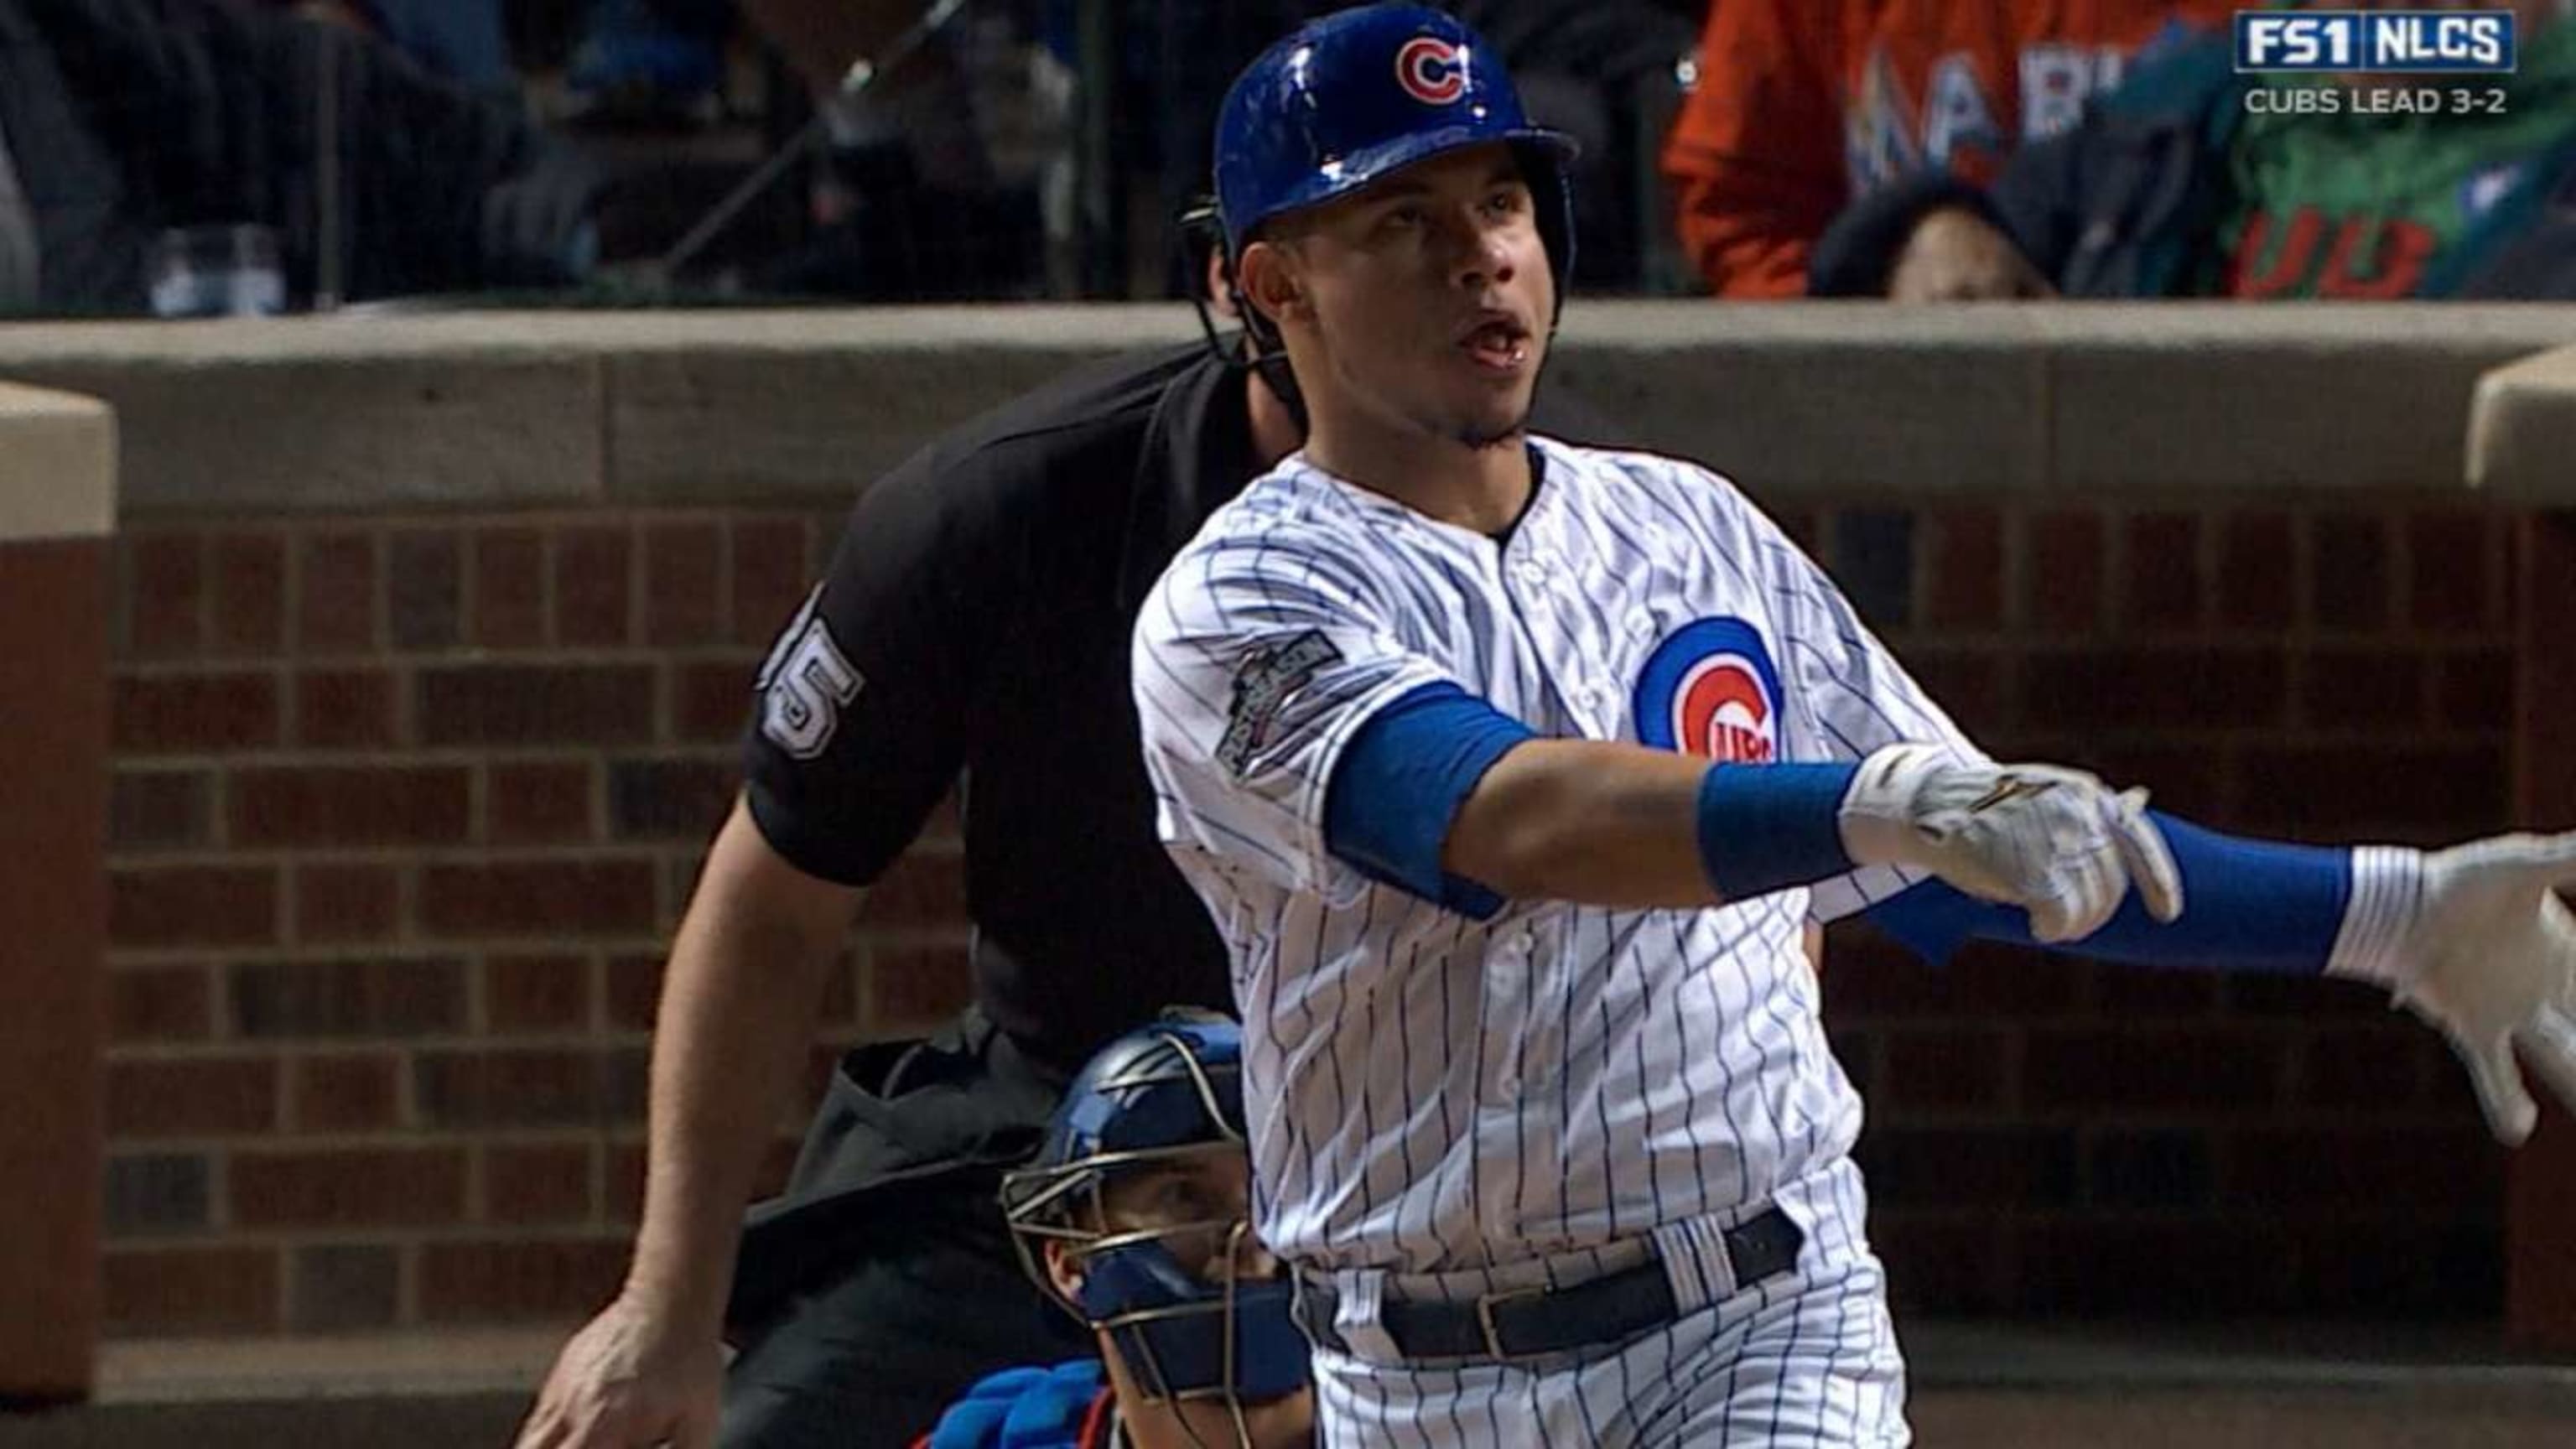 Must C: Cubs win NL pennant, 10/22/2016
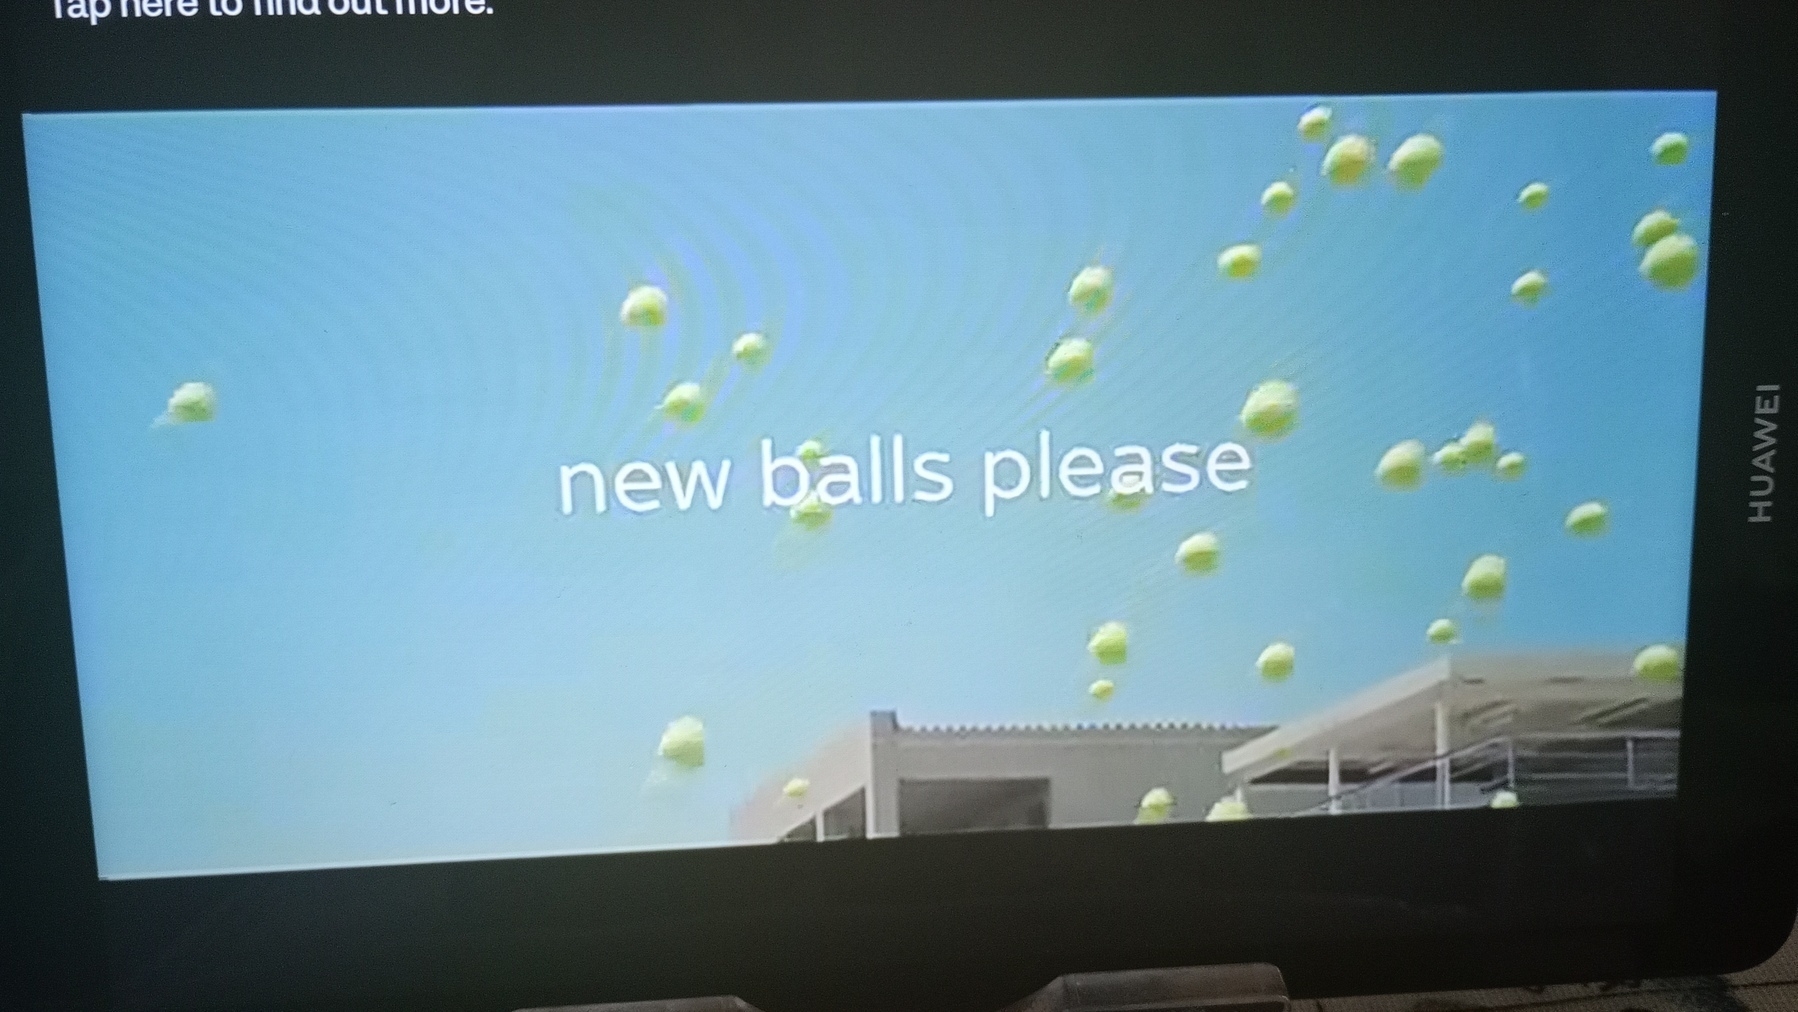 Screen capture from parody of bouncing balls Sony advert
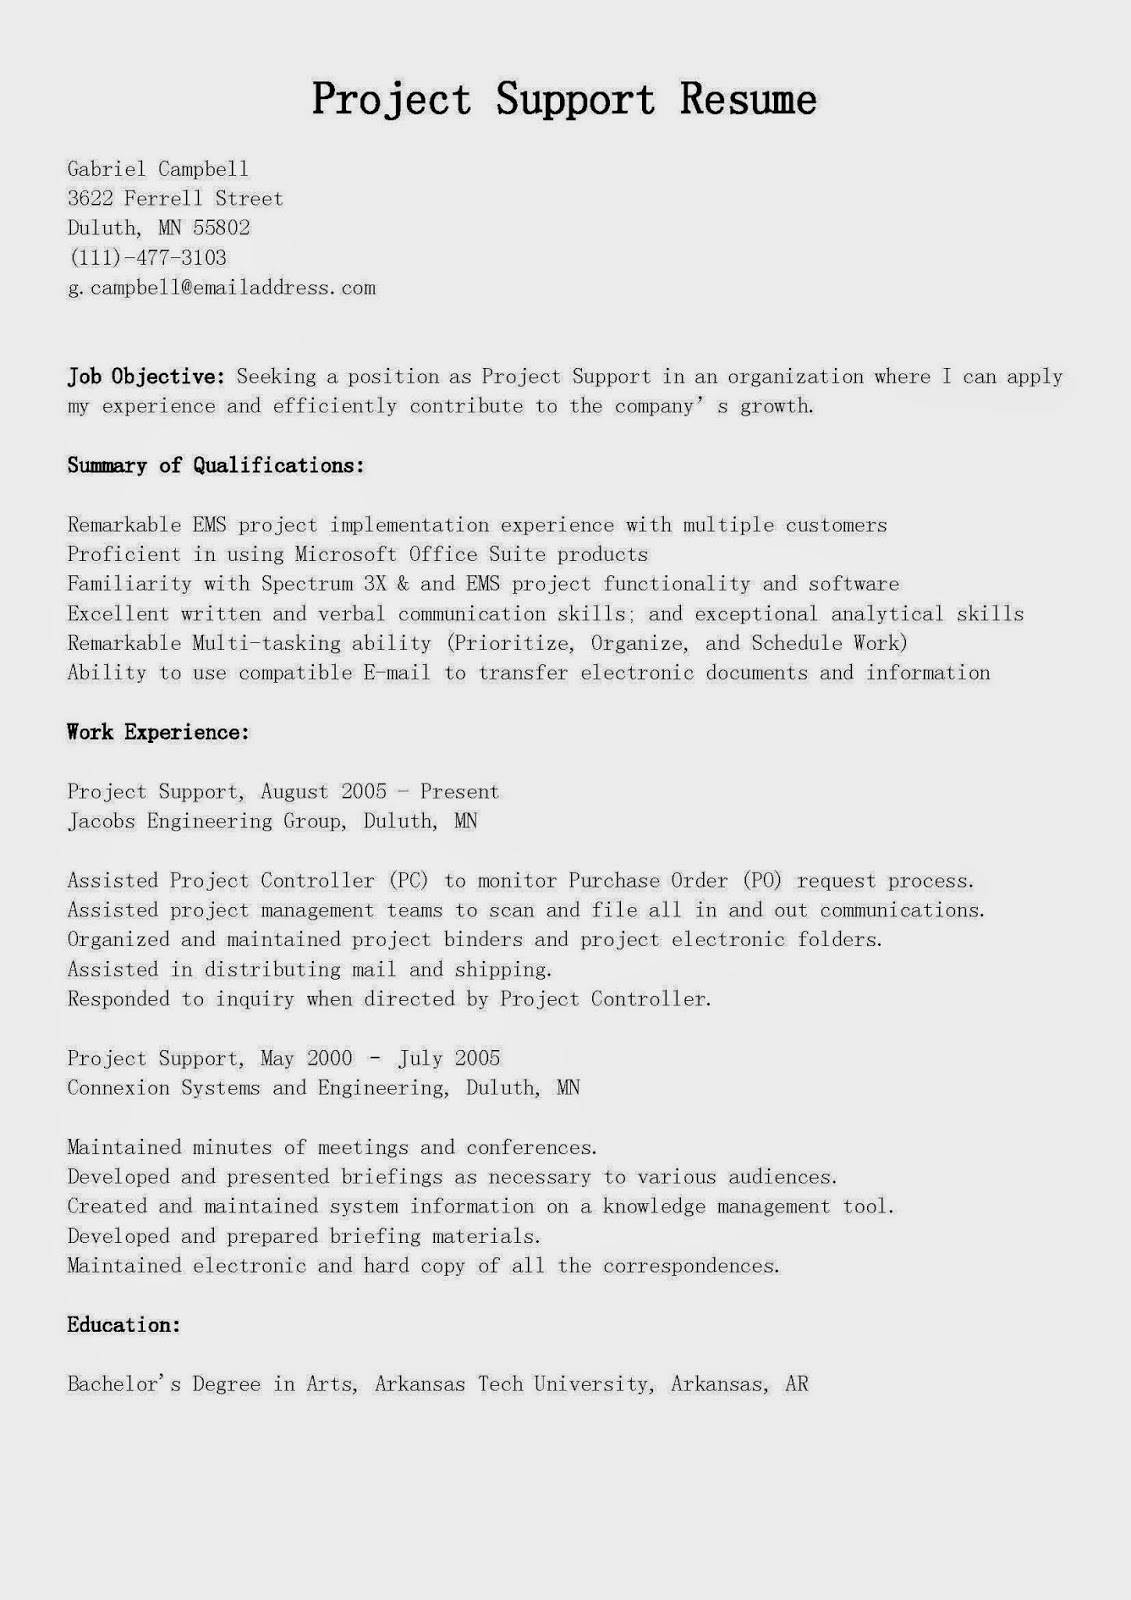 Resume horace campbell

_ABOUT THIS EXERCISE_
Leave out the pictures and repeat the remaining data exactly.

_ANSWER BOX_
 Must C: Cubs win NL pennant, 10/22/2016
 Screen capture from parody of bouncing balls Sony advert
 Resume horace campbell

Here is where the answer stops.